- [EXERCISE REQUIREMENTS] Output the listing verbatim, leaving out every picture.

- [DATA SHOWN]
::::::::
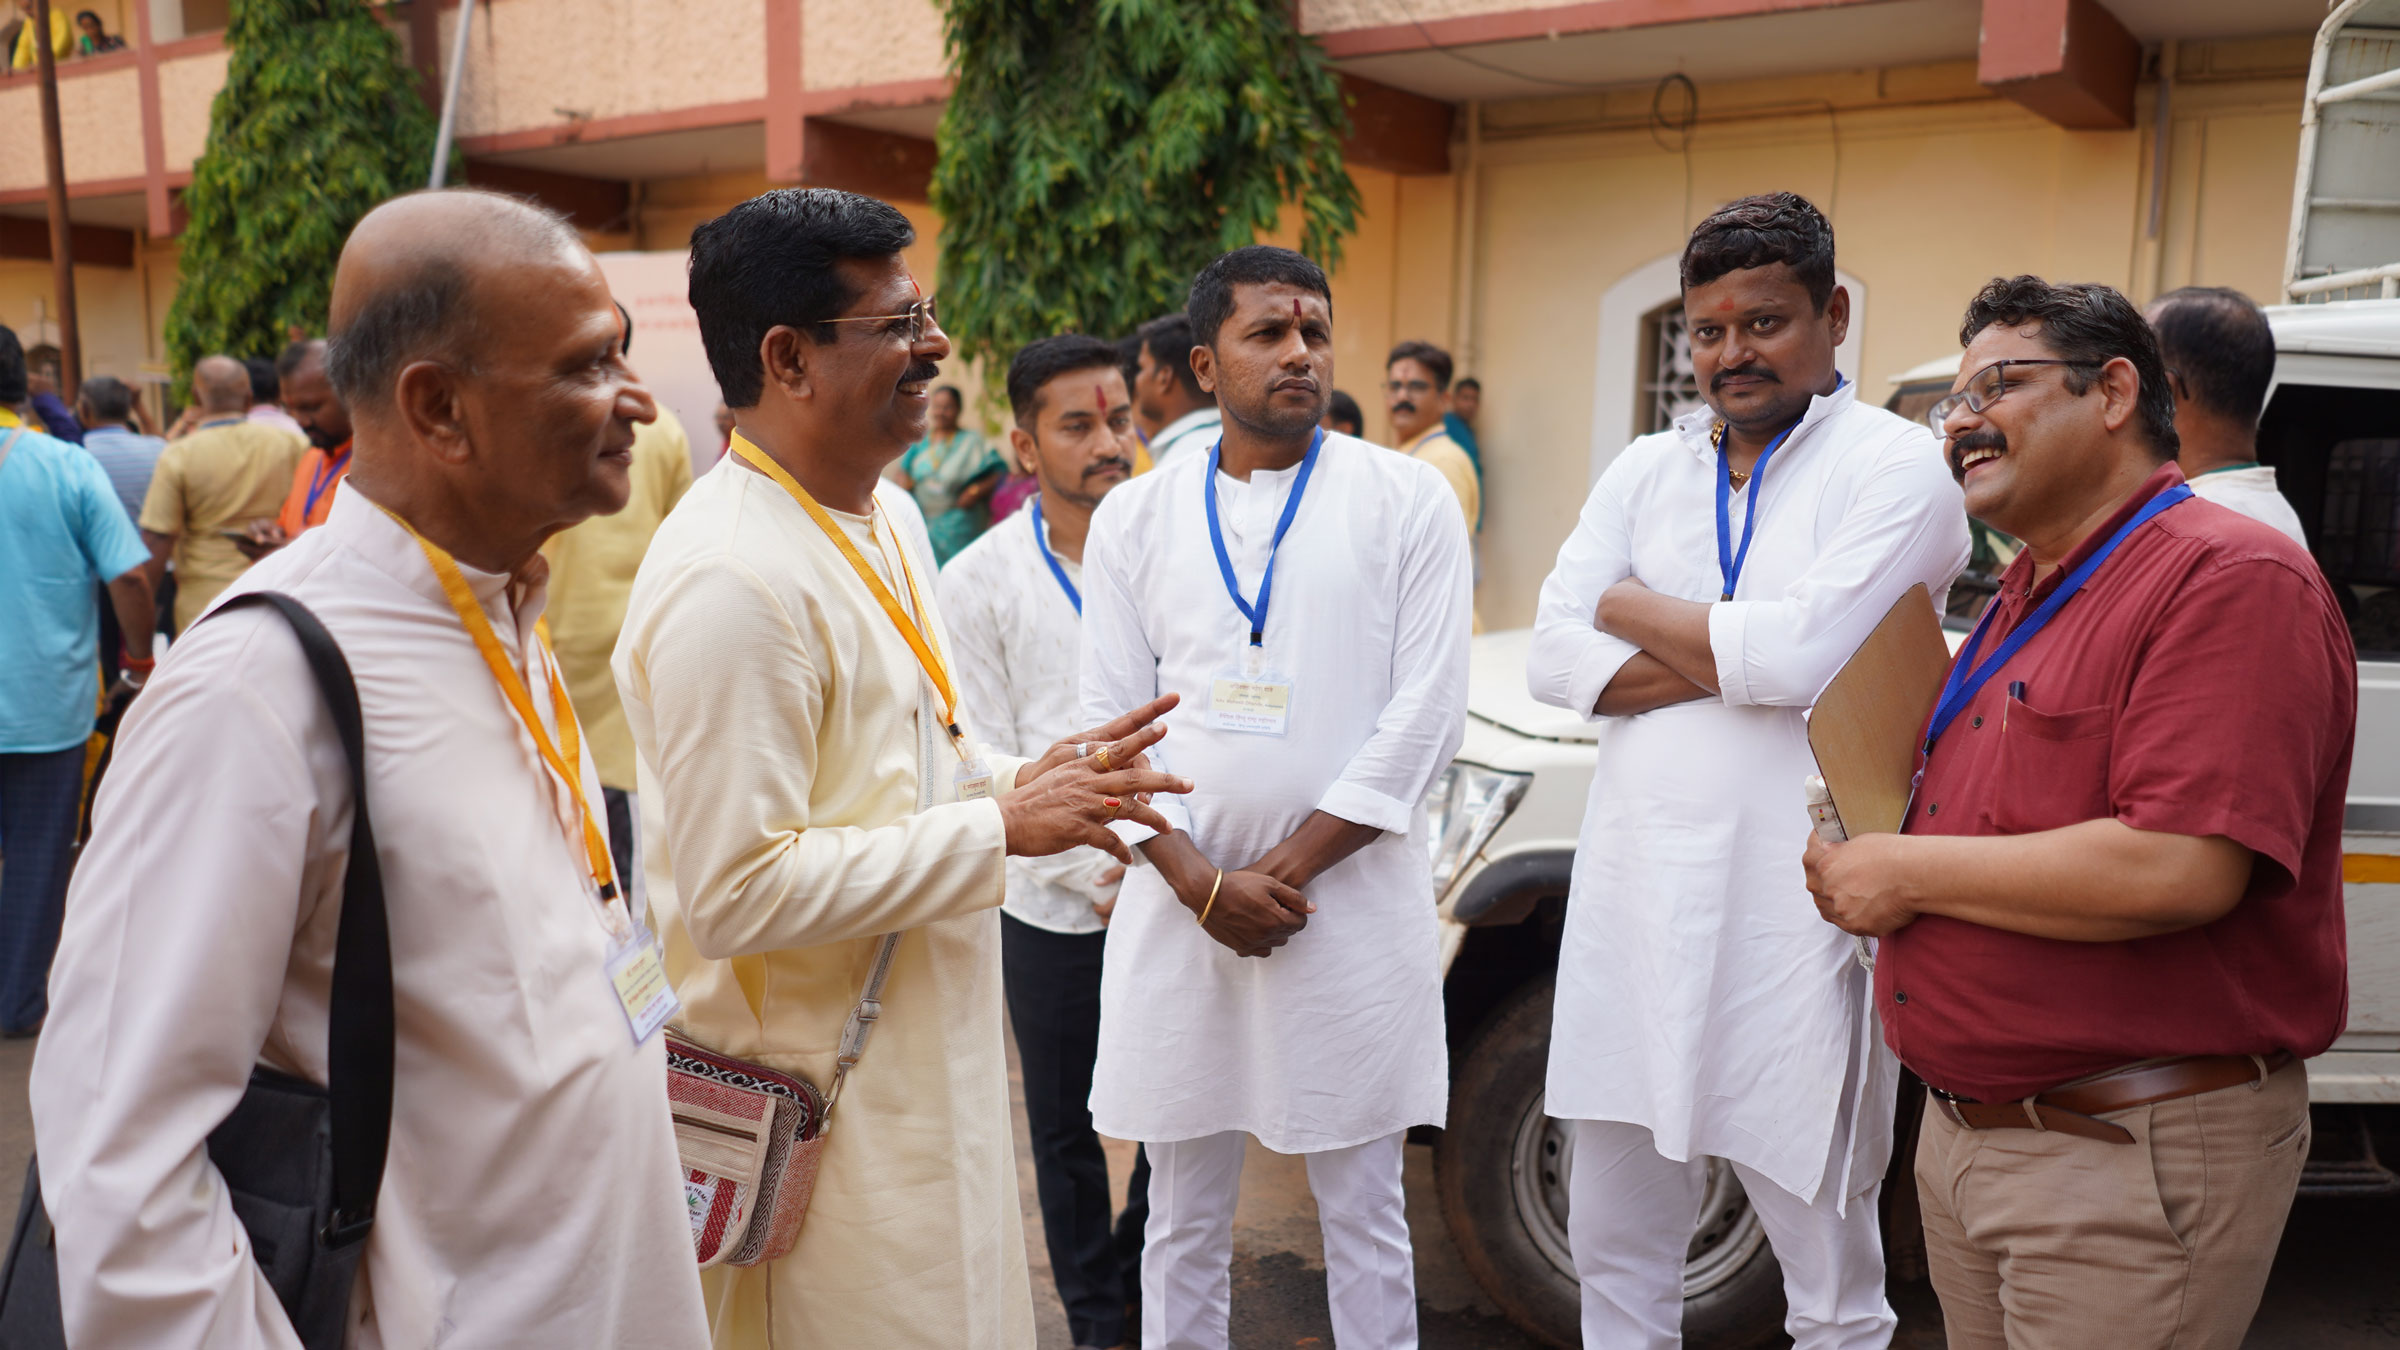 Devout Hindus informally discussing various topics with (From left) Mr Rajan Bunage (Coordinator, Hindu Janajagruti Samiti, Solapur, Maharashtra) and Mr Manojkumar Khadaye (Rajya Sangathak, Hindu Janajagruti Samiti, Konkan, West Maharashtra and Gujarat)
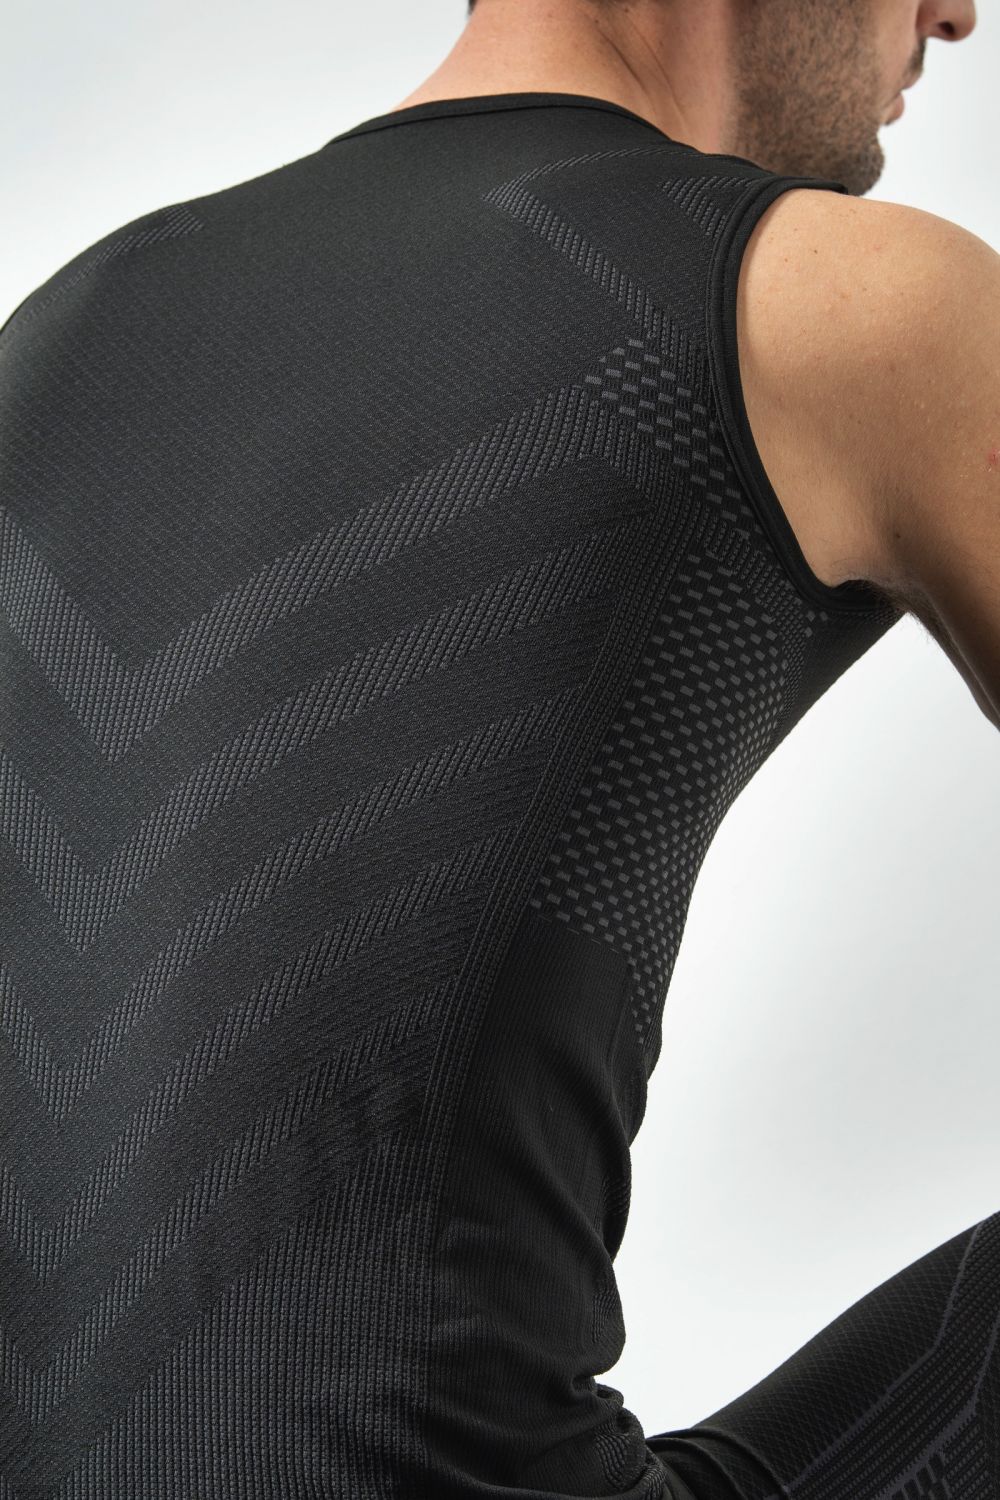 Men's Sleeveless Sports vest: Breathable, Energy Thermoregulating.
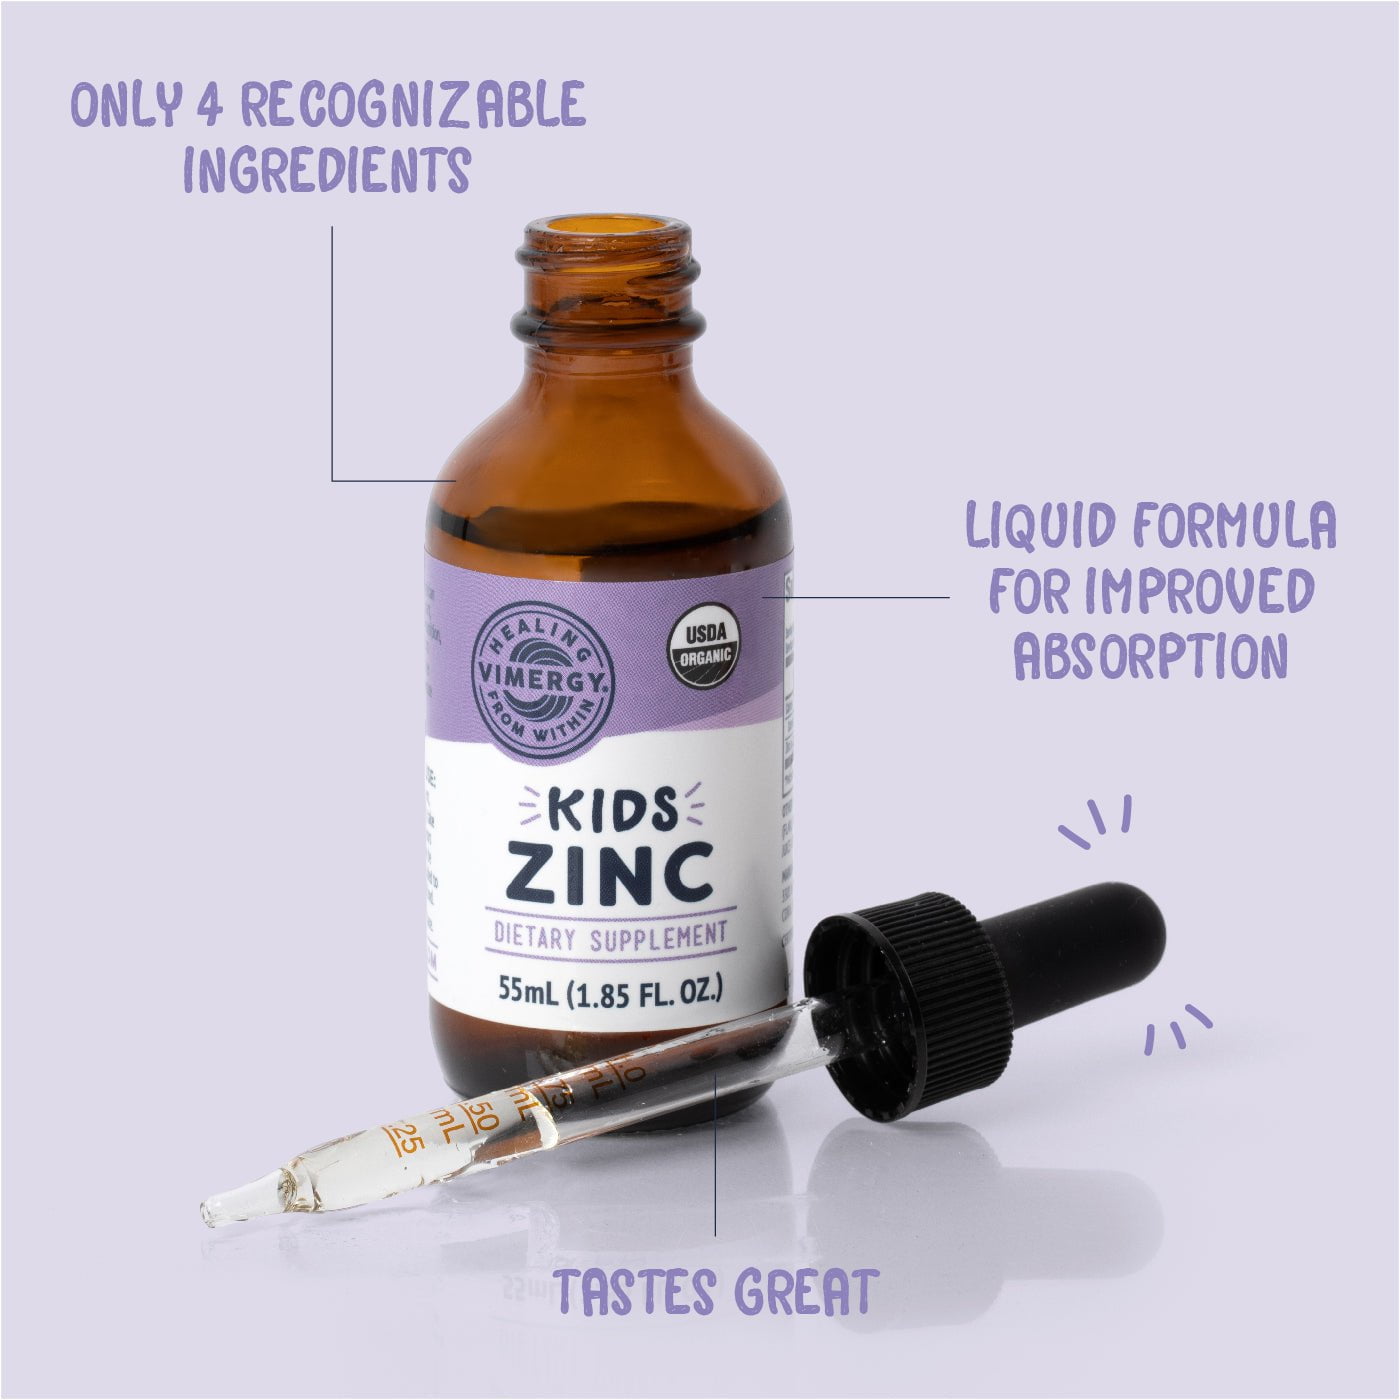 Kids Organic Liquid Zinc Vimergy Supplements Vitamins
::::::::
- [RESPONSE BOX]
 Devout Hindus informally discussing various topics with (From left) Mr Rajan Bunage (Coordinator, Hindu Janajagruti Samiti, Solapur, Maharashtra) and Mr Manojkumar Khadaye (Rajya Sangathak, Hindu Janajagruti Samiti, Konkan, West Maharashtra and Gujarat)
 Men's Sleeveless Sports vest: Breathable, Energy Thermoregulating.
 Kids Organic Liquid Zinc Vimergy Supplements Vitamins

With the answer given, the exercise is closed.